◆ What this task involves ◆
Print, word for word, only the lines from the one with "Vintage 90s Green Army Liner Jacket (S/M)" down to the last line of the listing below; no pictures.

◆ Raw data ◆
****************************************
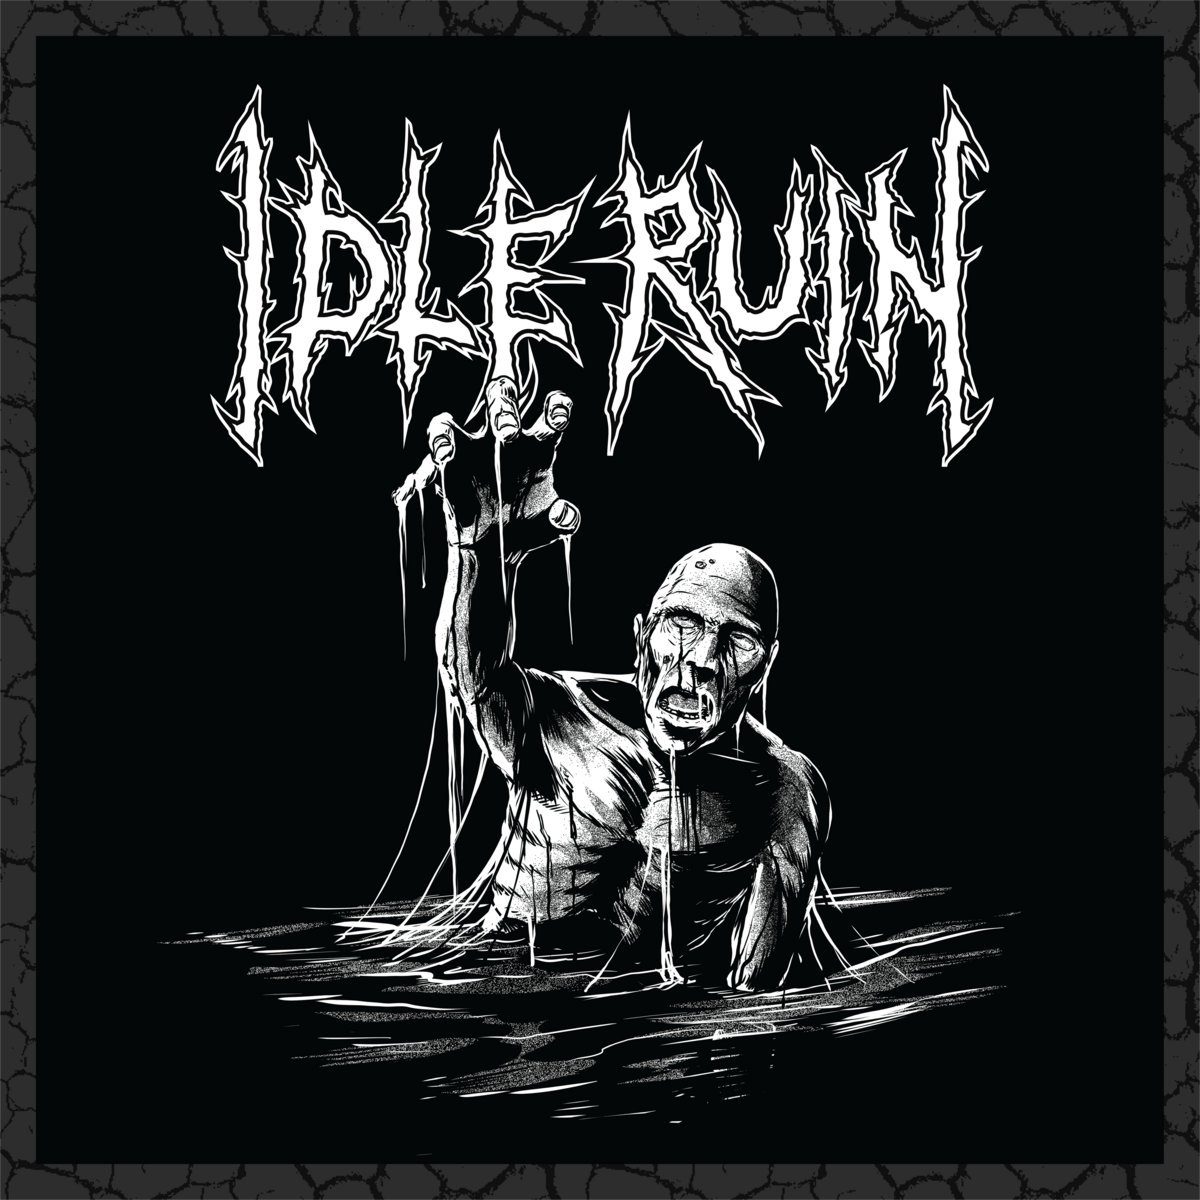 Interview with IDLE RUIN
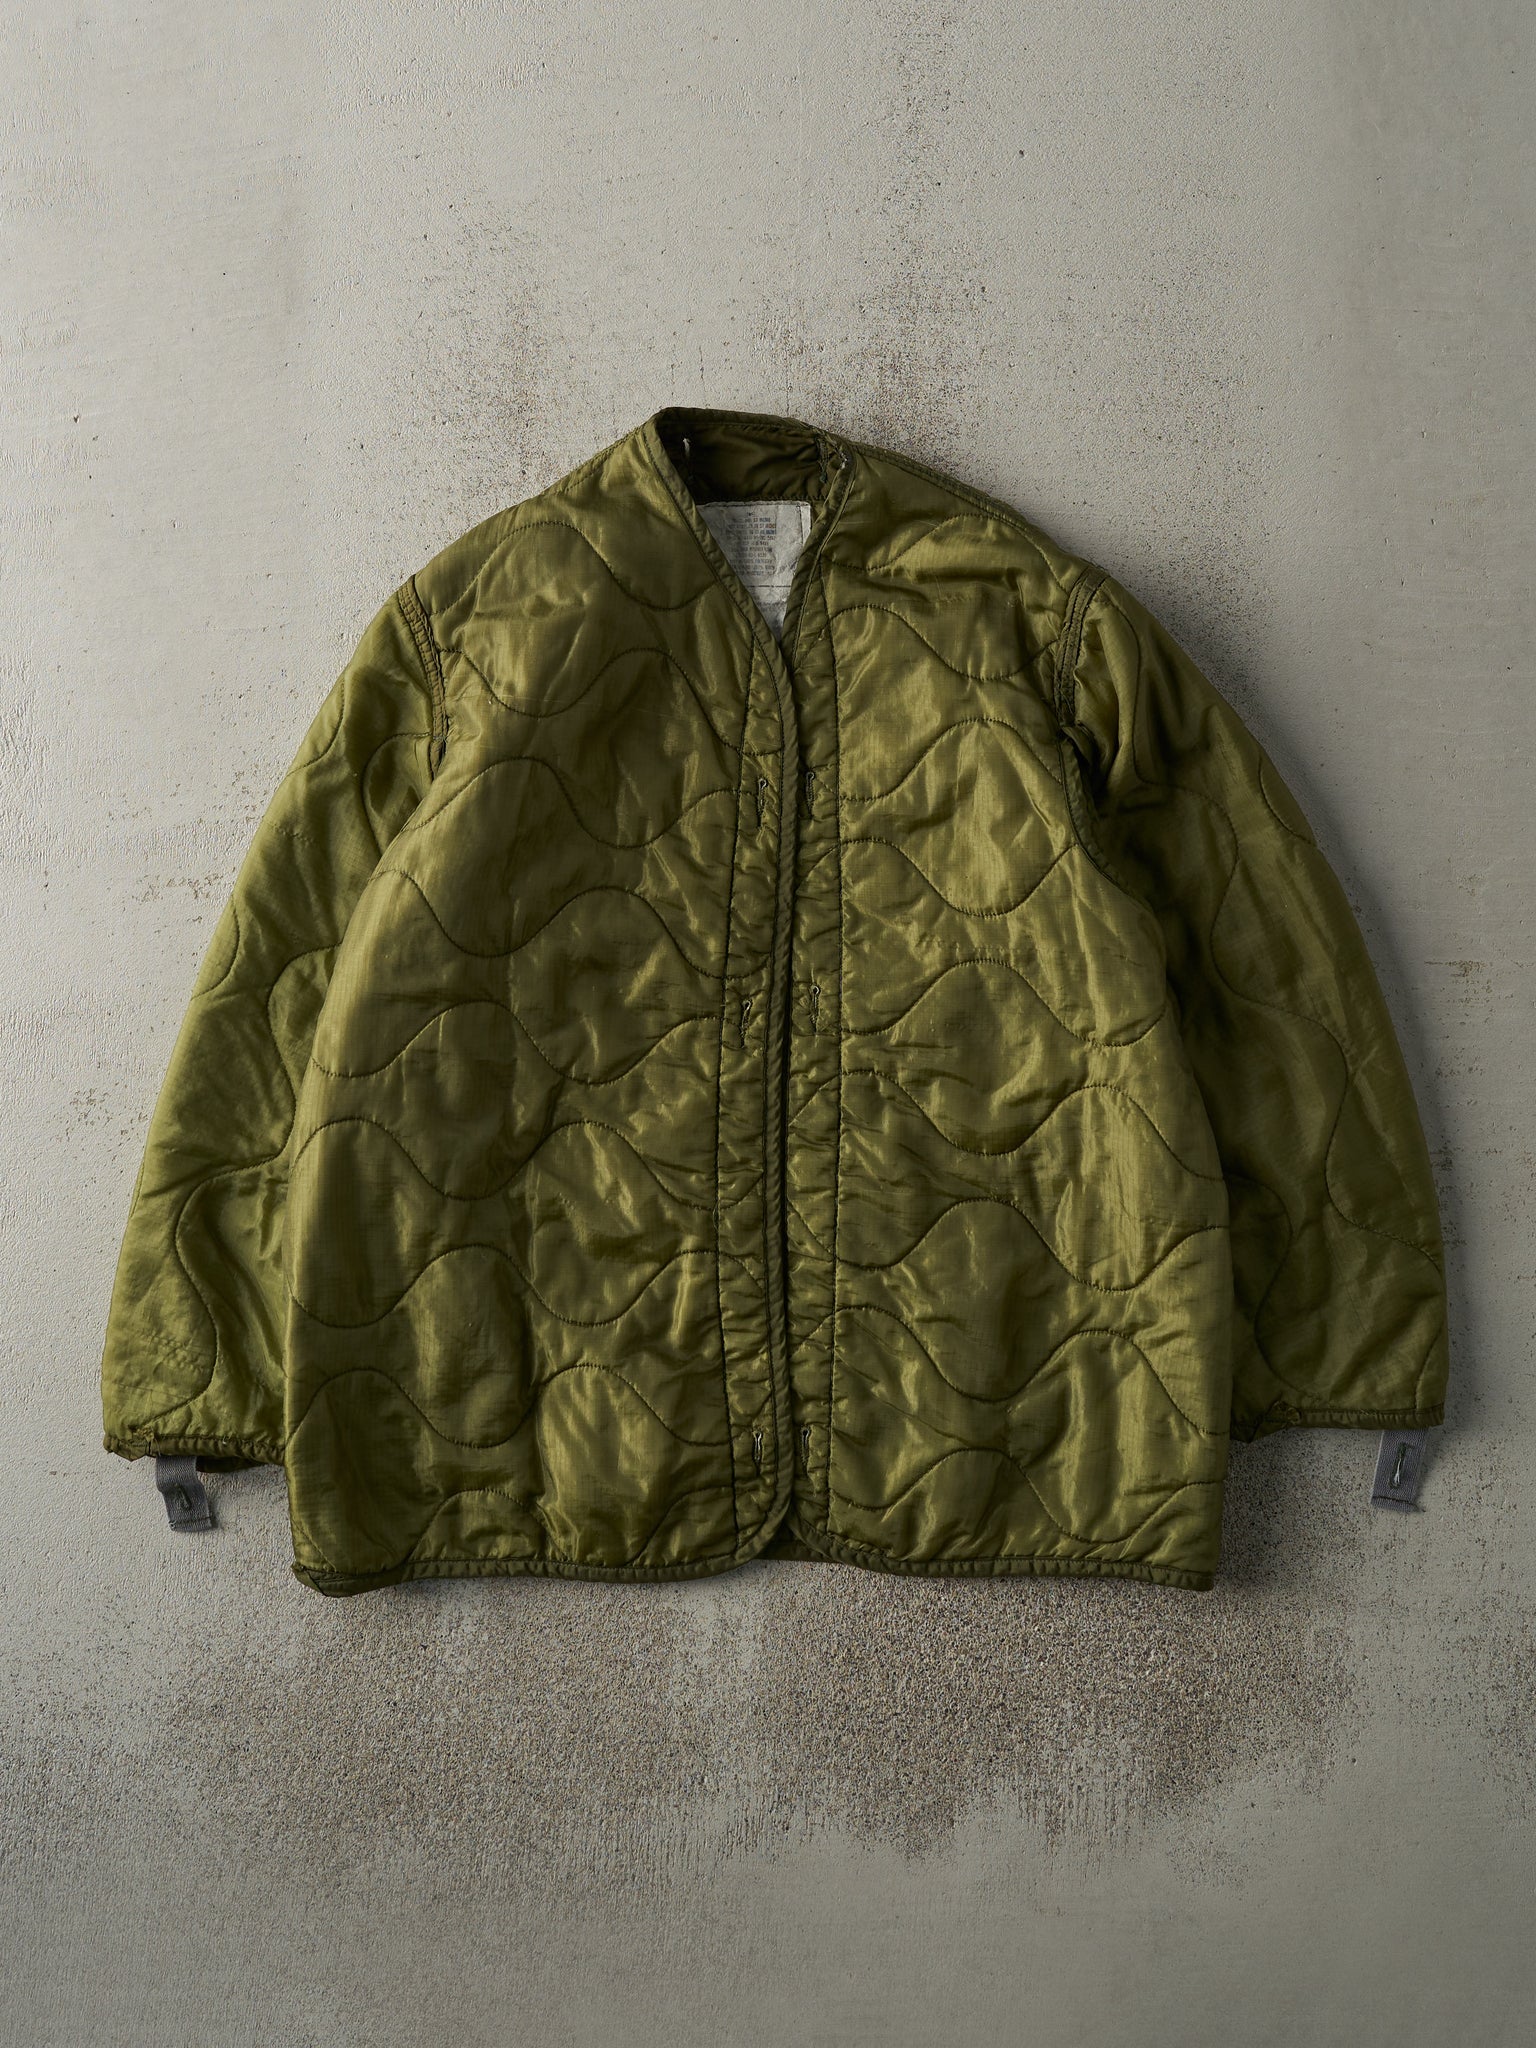 Vintage 90s Green Army Liner Jacket (S/M)
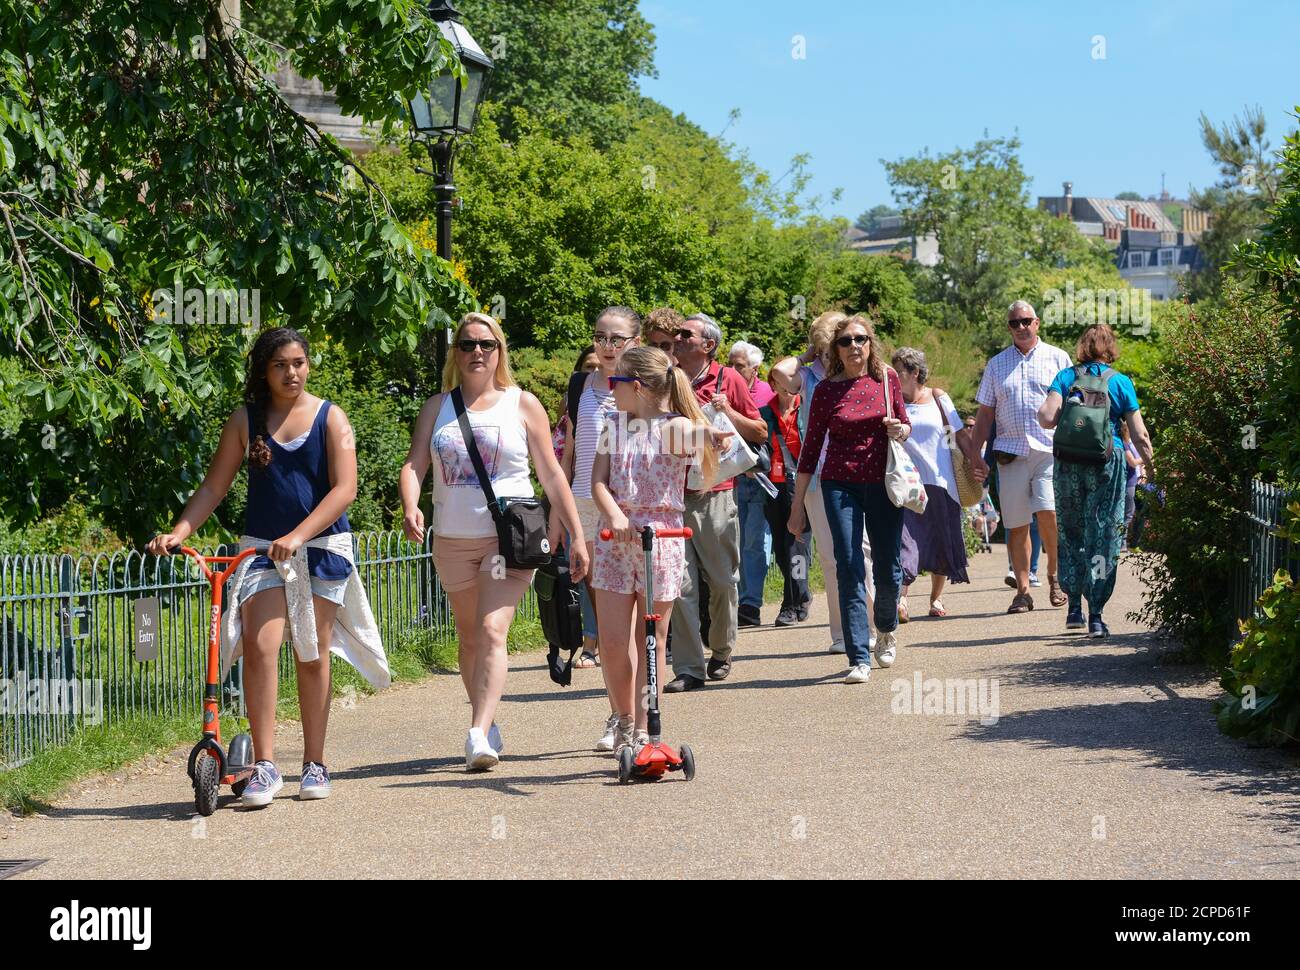 Crowds of people walking through the park at The Royal Pavilion Gardens on a hot day in Summer in Brighton, East Sussex, England, UK. Stock Photo
****************************************
◆ Answer box ◆
 Vintage 90s Green Army Liner Jacket (S/M)
 Crowds of people walking through the park at The Royal Pavilion Gardens on a hot day in Summer in Brighton, East Sussex, England, UK. Stock Photo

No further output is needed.